I learned C a few years ago using K&R 2nd edition ANSI C. I’ve been reviewing my notes, while I’m learning more modern C from 2 other books.
I notice that K&R never use scanf in the book, except on the one section where they introduce it. They mainly use a getline function which they write in the book, which they change later in the book, once they introduce pointers. There getline is different then gcc getline, which caused me some problems until i change the name of getline to ggetline.

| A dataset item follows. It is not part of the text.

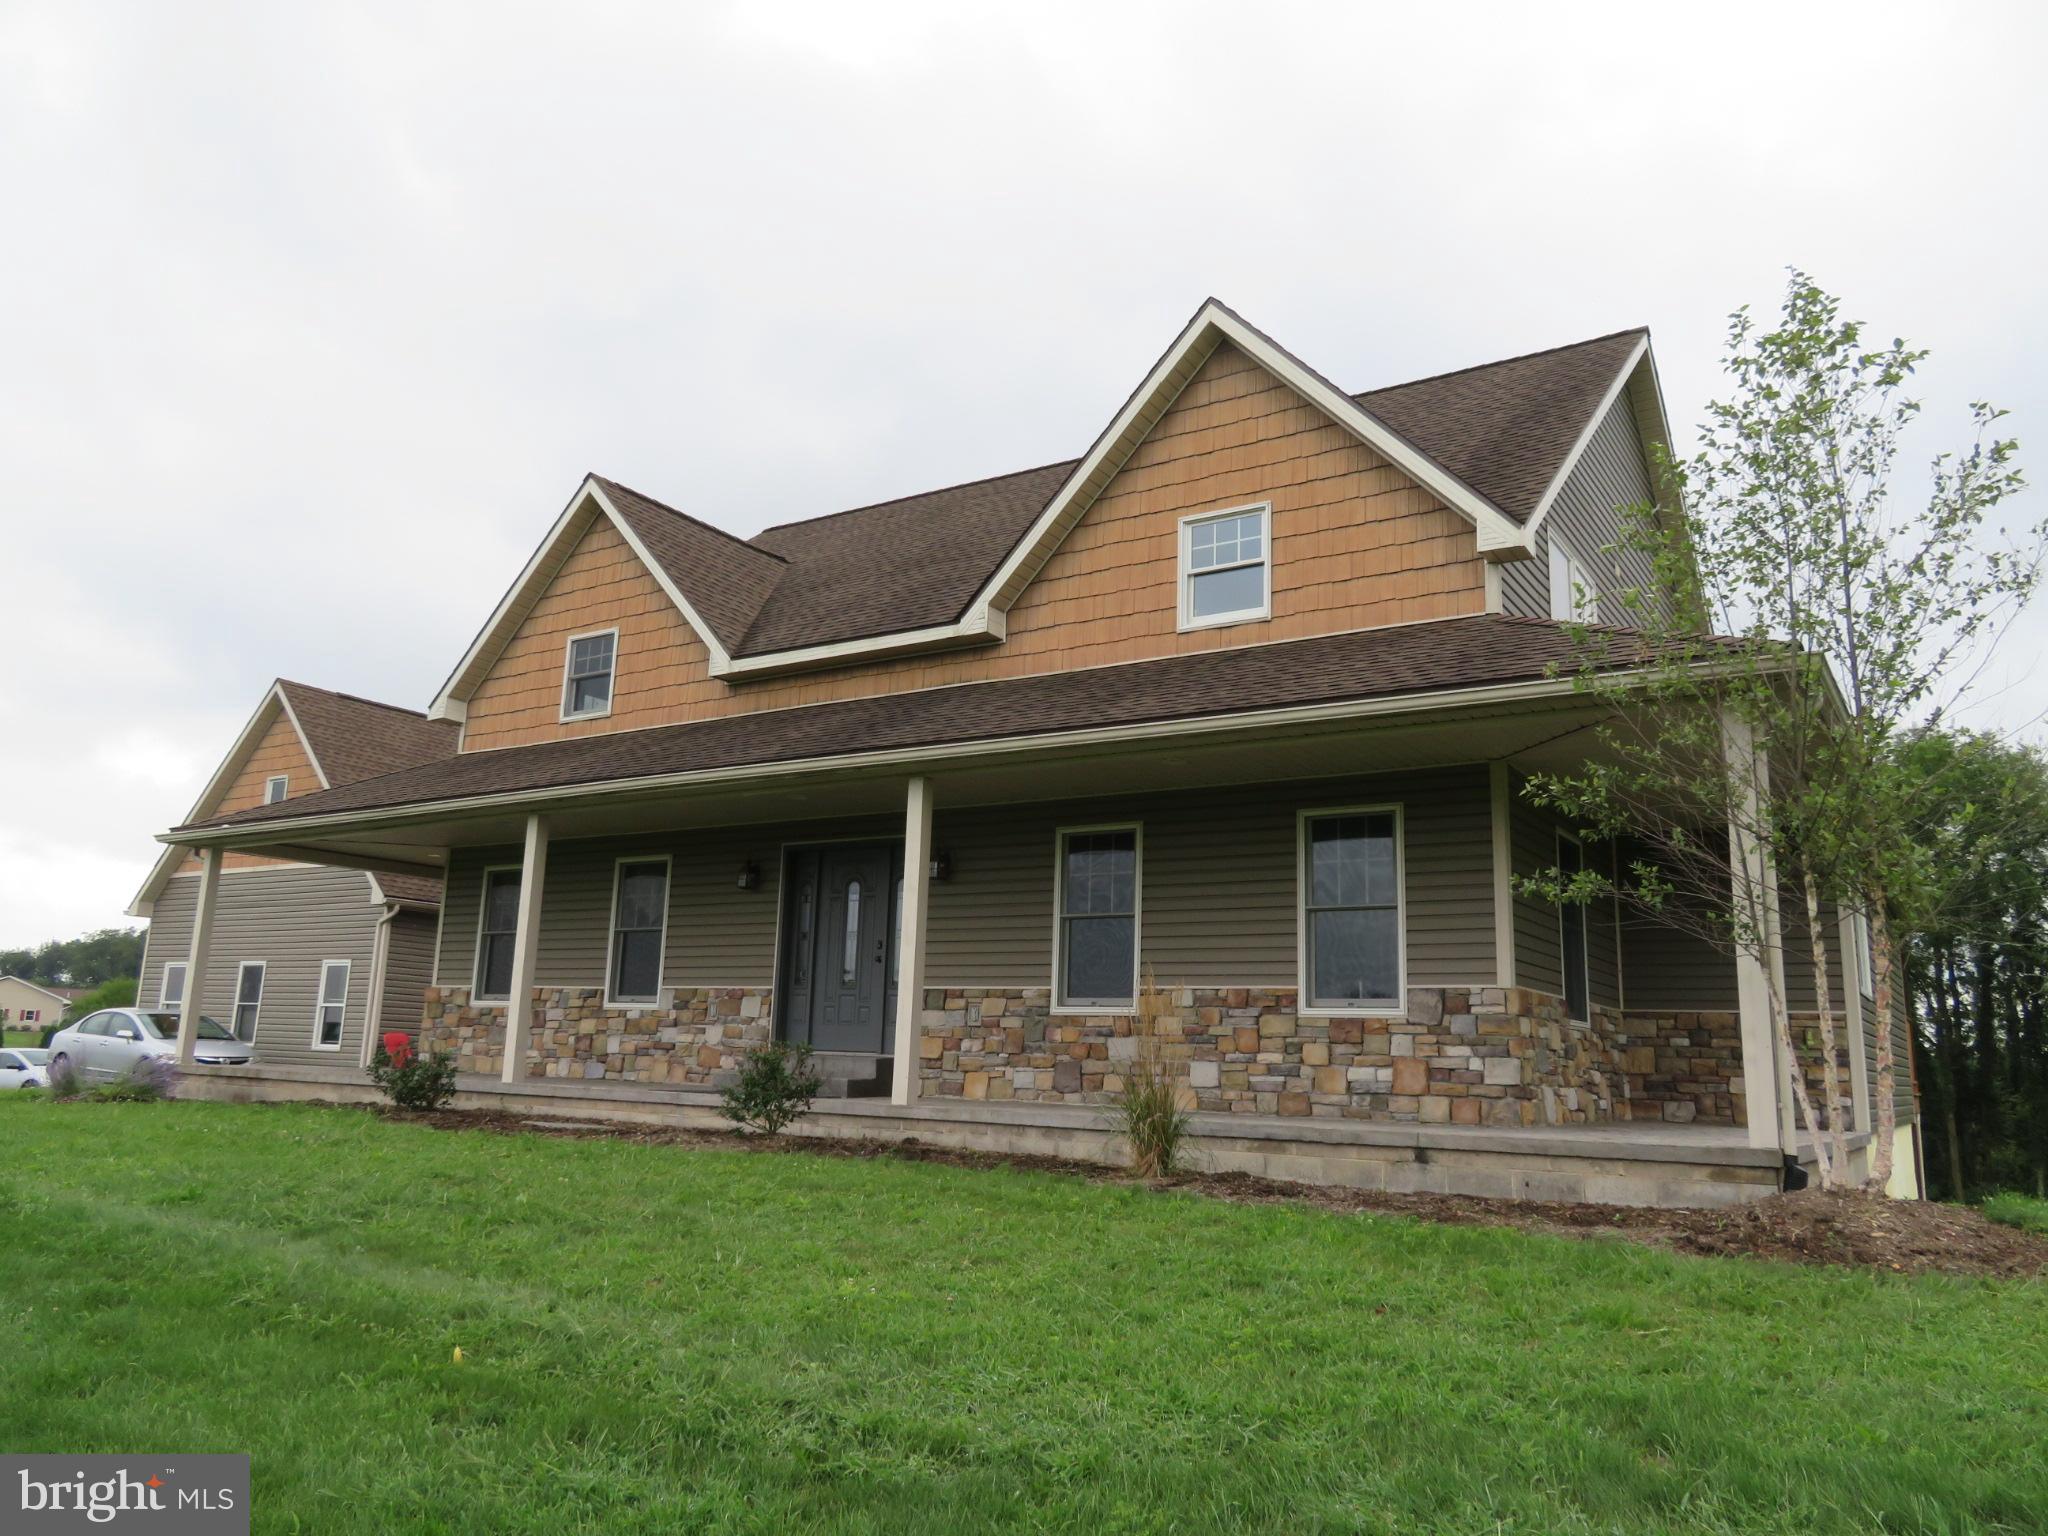 628 SCHOOL HOUSE ROAD, MILTON, PA 17847

Reviewing my notes i found this quote:
This simplification is convenient and superficially attractive, and it
works, as far as it goes. The problem is that scanf does not work well
in more complicated situations. In section 7.1, we said that calls to
putchar and printf could be interleaved. The same is not always true
of scanf: you can have baffling problems if you try to intermix calls
to scanf with calls to getchar or getline. Worse, it turns out that
scanf's error handling is inadequate for many purposes. It tells you
whether a conversion succeeded or not (more precisely, it tells you
how many conversions succeeded), but it doesn't tell you anything more
than that (unless you ask very carefully). Like atoi and atof, scanf
stops reading characters when it's processing a %d or %f input and it
finds a non-numeric character. Suppose you've prompted the user to
enter a number, and the user accidentally types the letter 'x'. scanf
might return 0, indicating that it couldn't convert a number, but the
unconvertable text (the 'x') remains on the input stream unless you
figure out some other way to remove it.
For these reasons (and several others, which I won't bother to
mention) it's generally recommended that scanf not be used for
unstructured input such as user prompts. It's much better to read
entire lines with something like getline (as we've been doing all
along) and then process the line somehow. If the line is supposed to
be a single number, you can use atoi or atof to convert it. If the
line has more complicated structure, you can use sscanf (which we'll
meet in a minute) to parse it. (It's better to use sscanf than scanf
because when sscanf fails, you have complete control over what you do
next. When scanf fails, on the other hand, you're at the mercy of
where in the input stream it has left you.)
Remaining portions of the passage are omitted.